[[ DATASET EXTRACT, beginning ]]

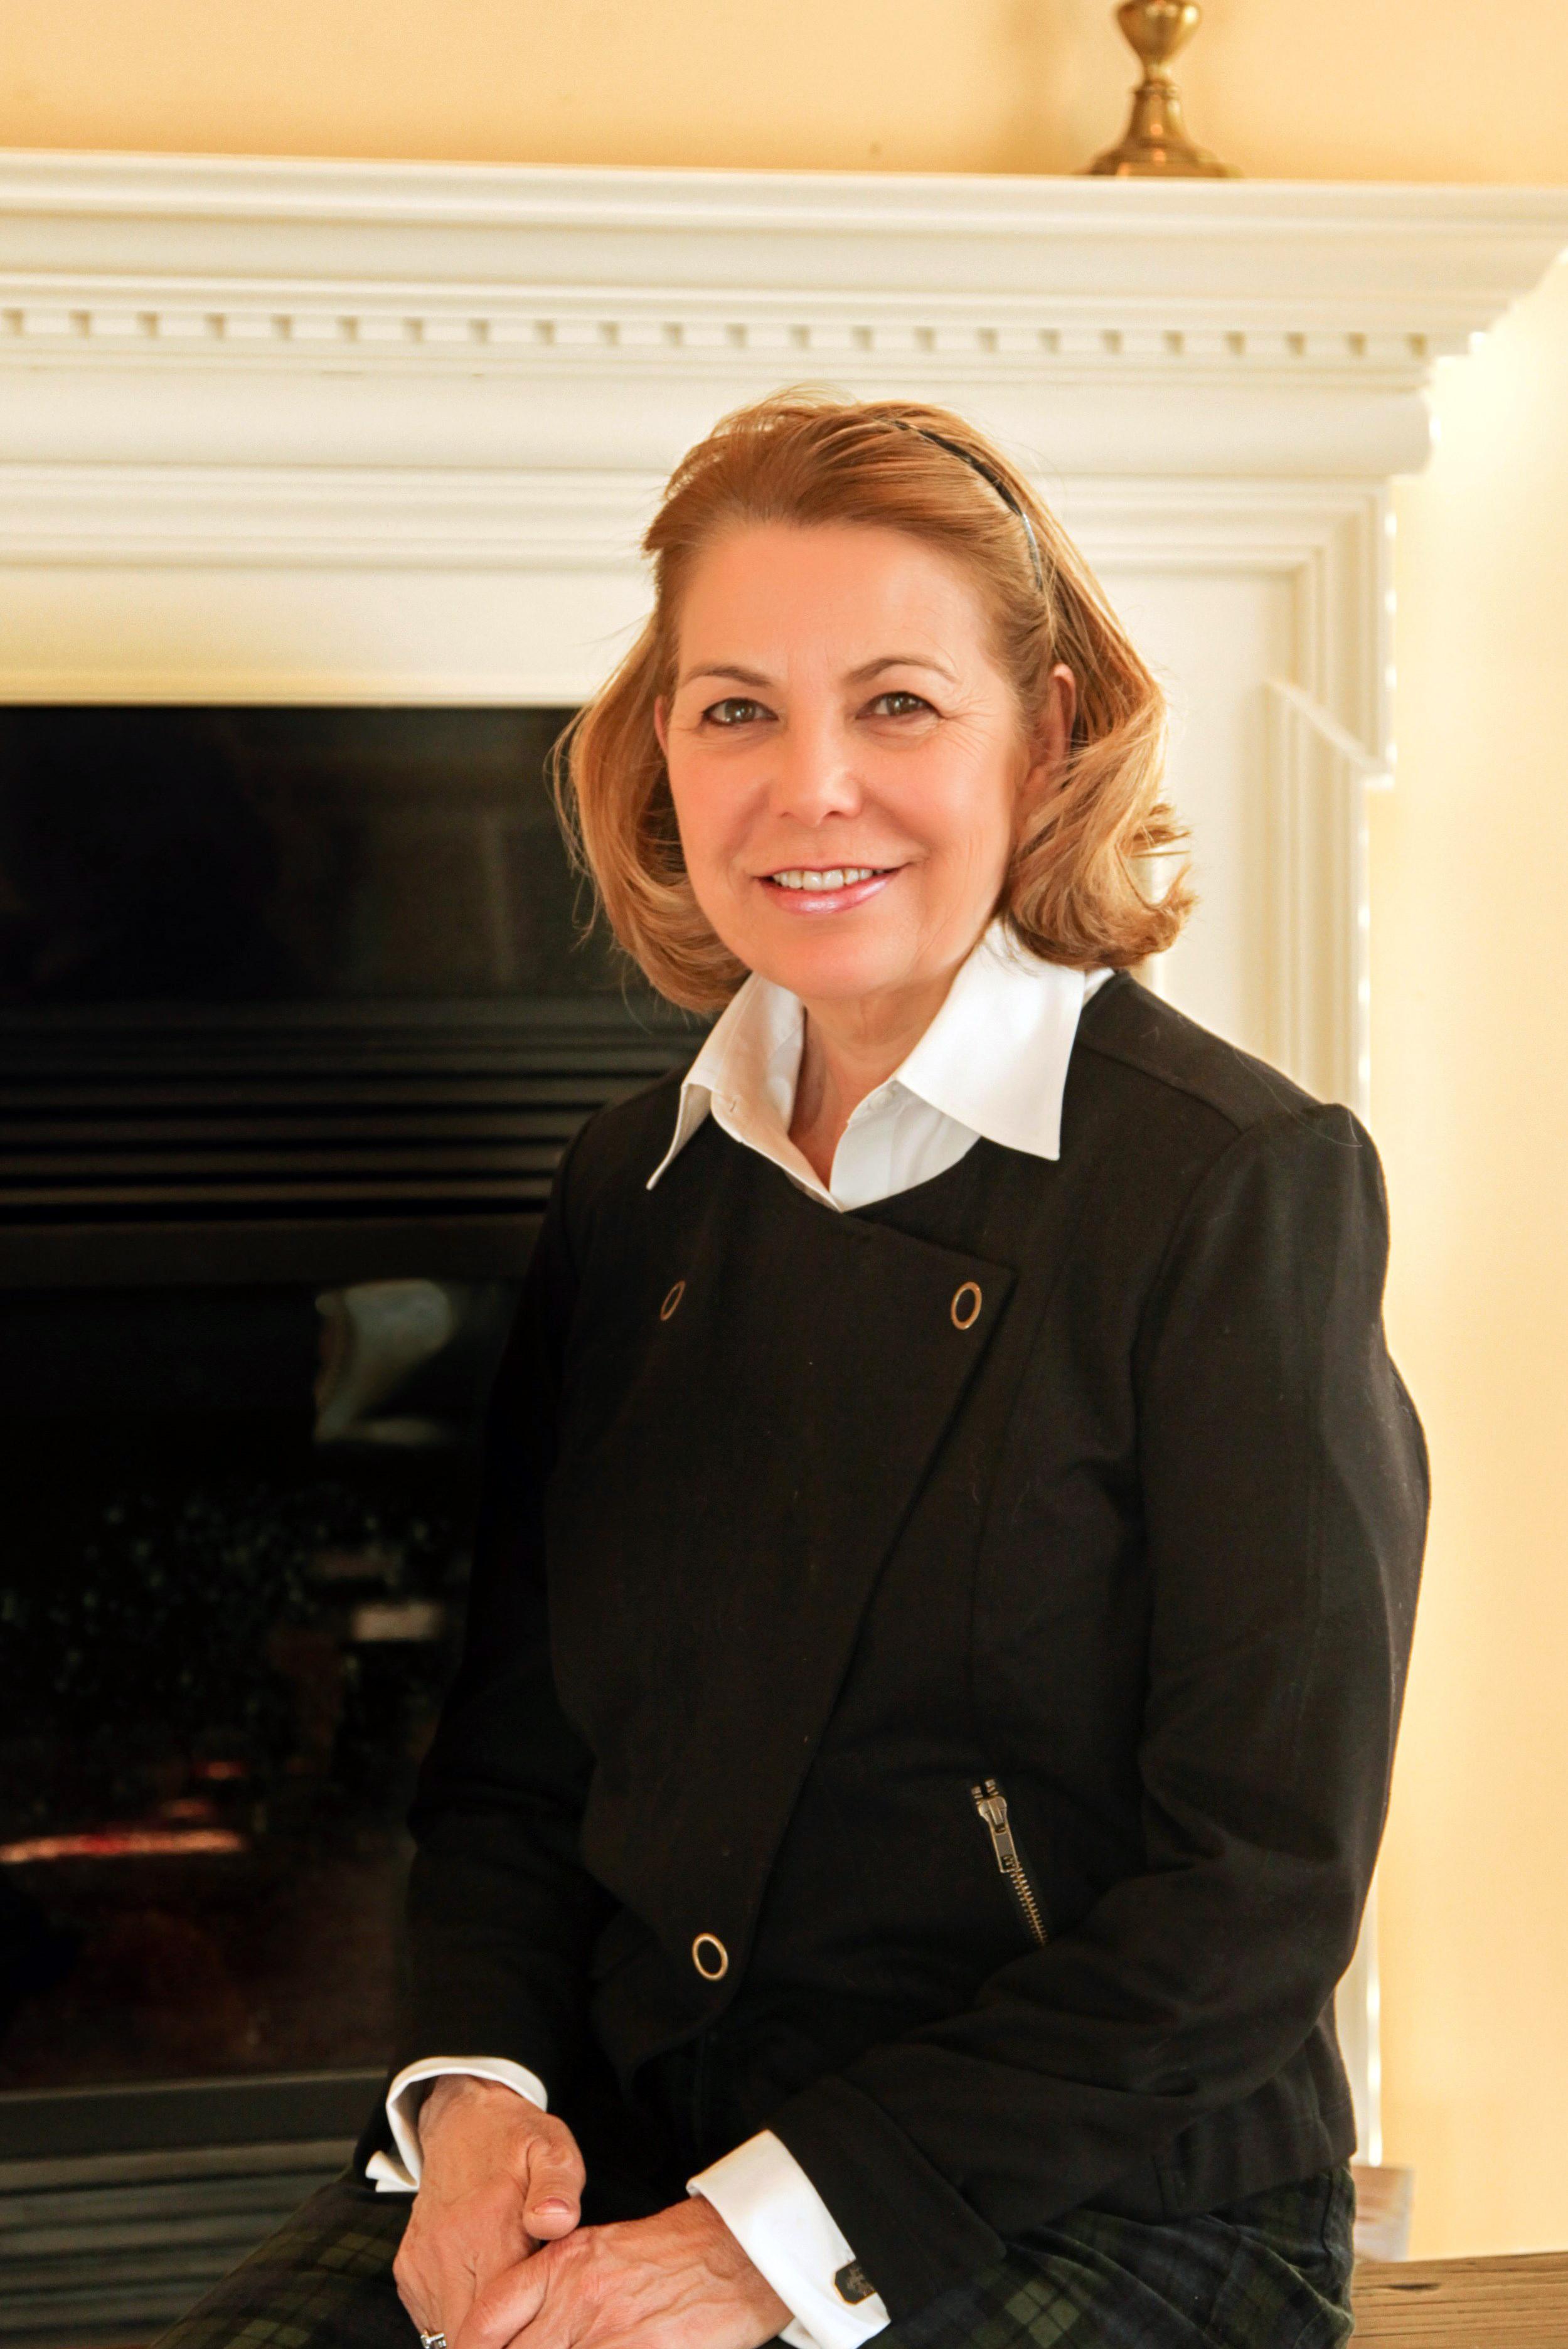 Carol O'Connor
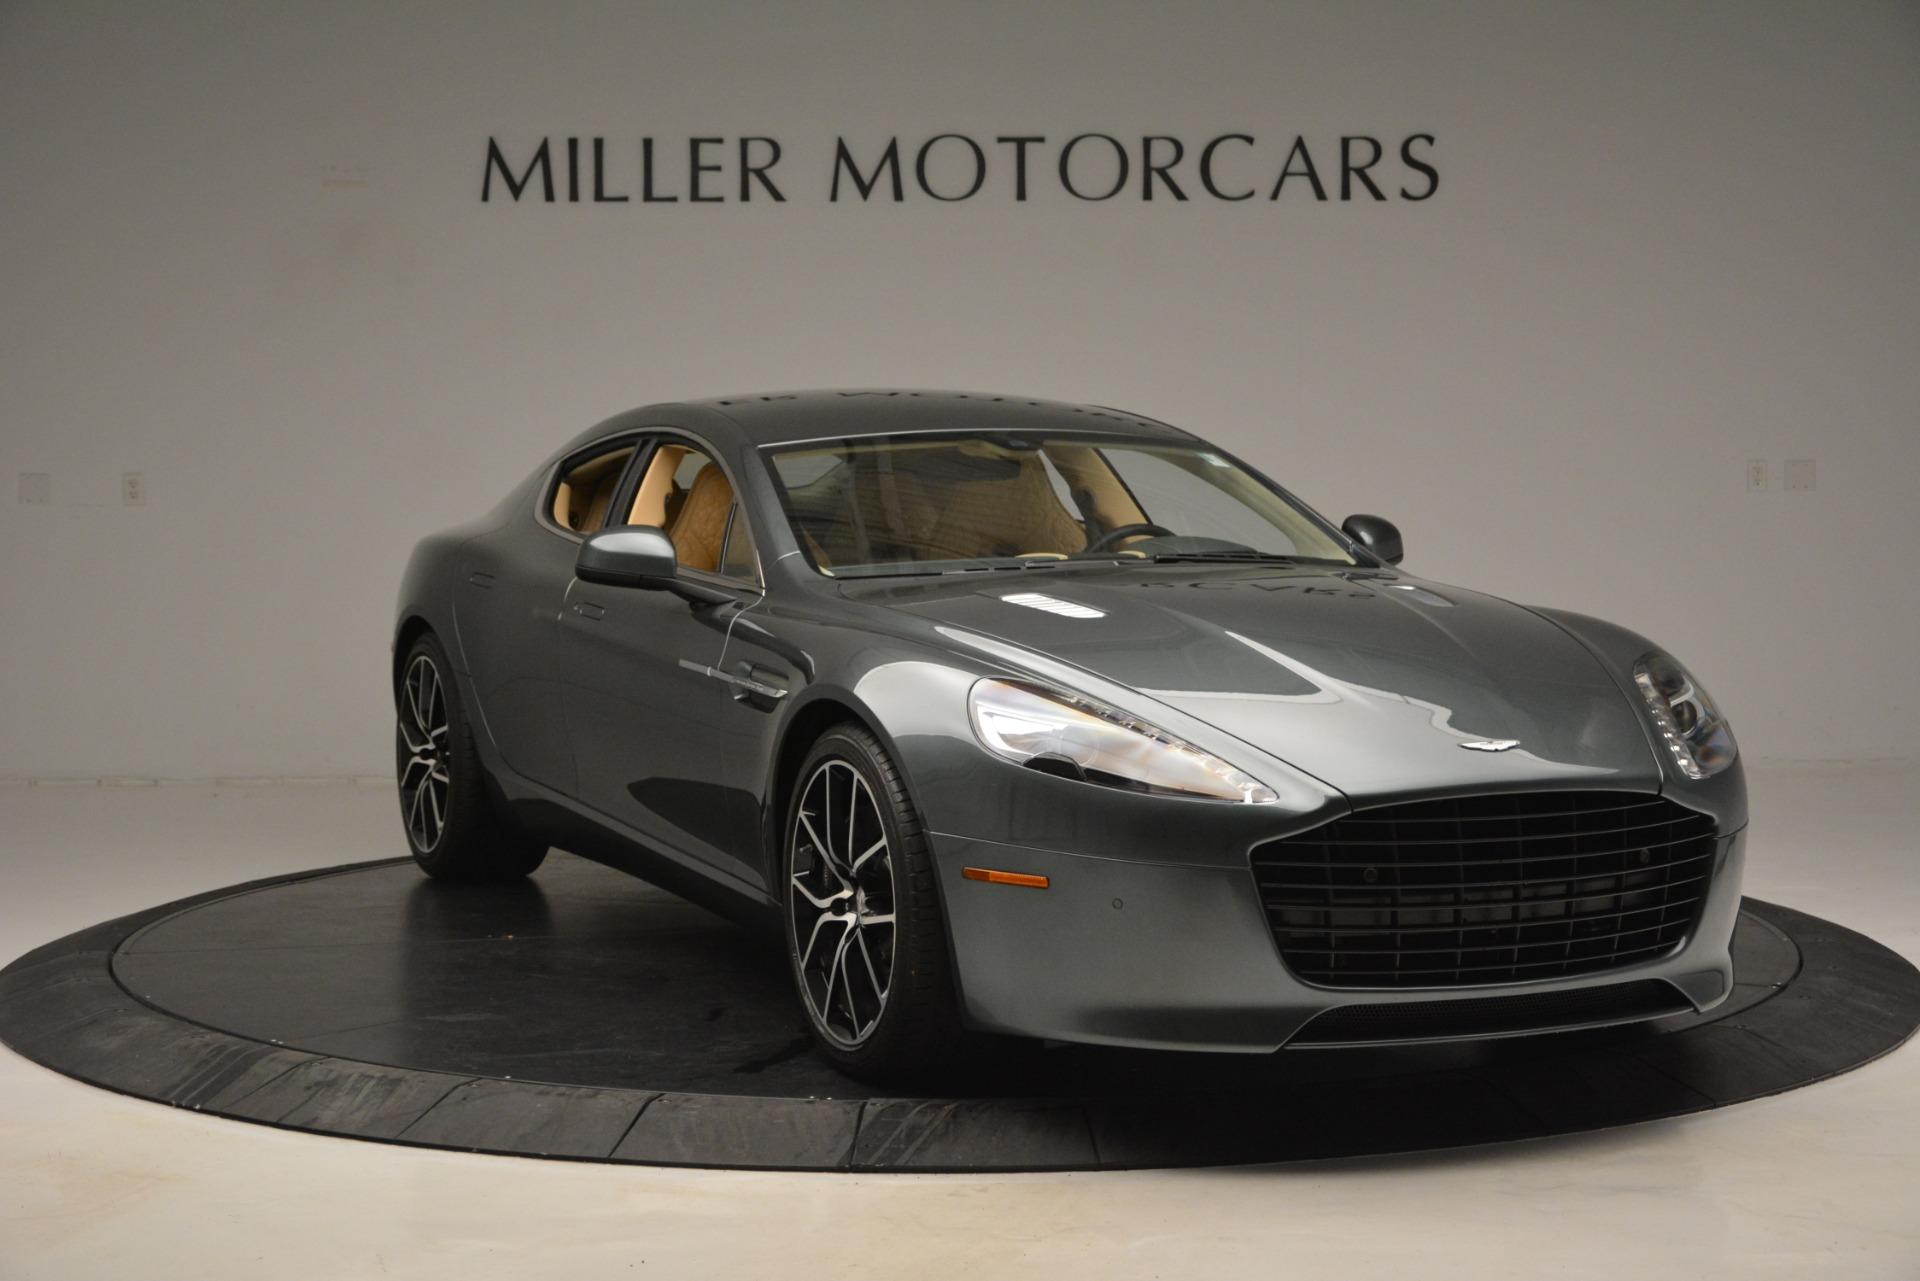 Used 2017 Aston Martin Rapide S Sedan For Sale In Greenwich, CT 2889_p11
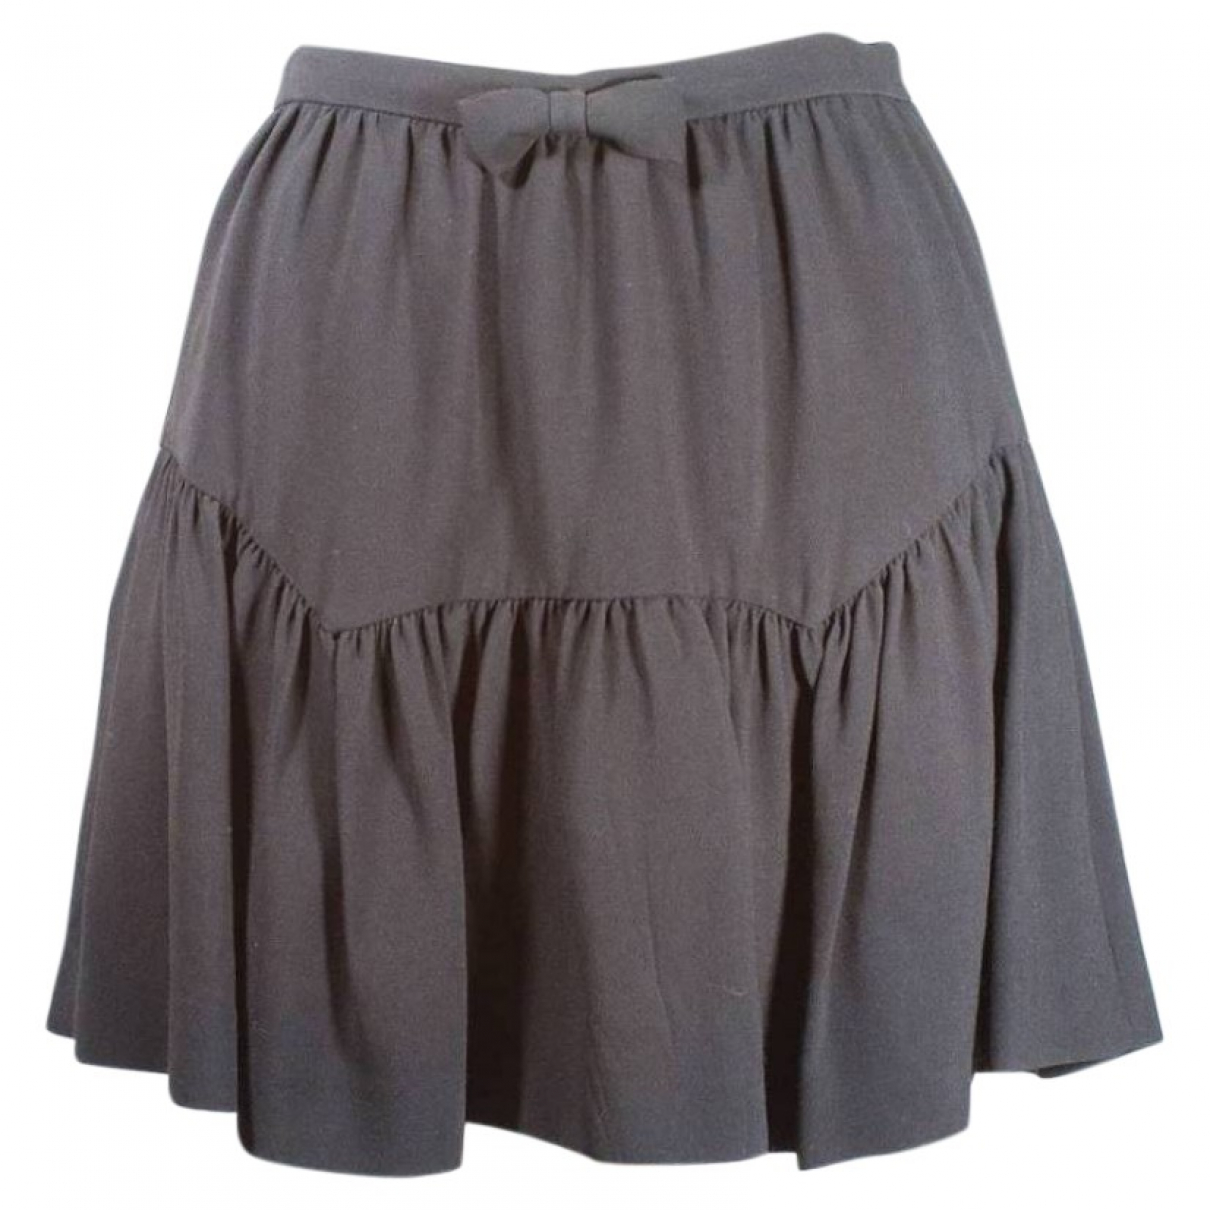 Miu Miu \N Black skirt for Women M International

[[ DATASET EXTRACT, end ]]

**TASK REQUIREMENTS:** The data is to be restated word for word, with any pictures set aside.

**RESULT:**
 Carol O'Connor
 Used 2017 Aston Martin Rapide S Sedan For Sale In Greenwich, CT 2889_p11
 Miu Miu \N Black skirt for Women M International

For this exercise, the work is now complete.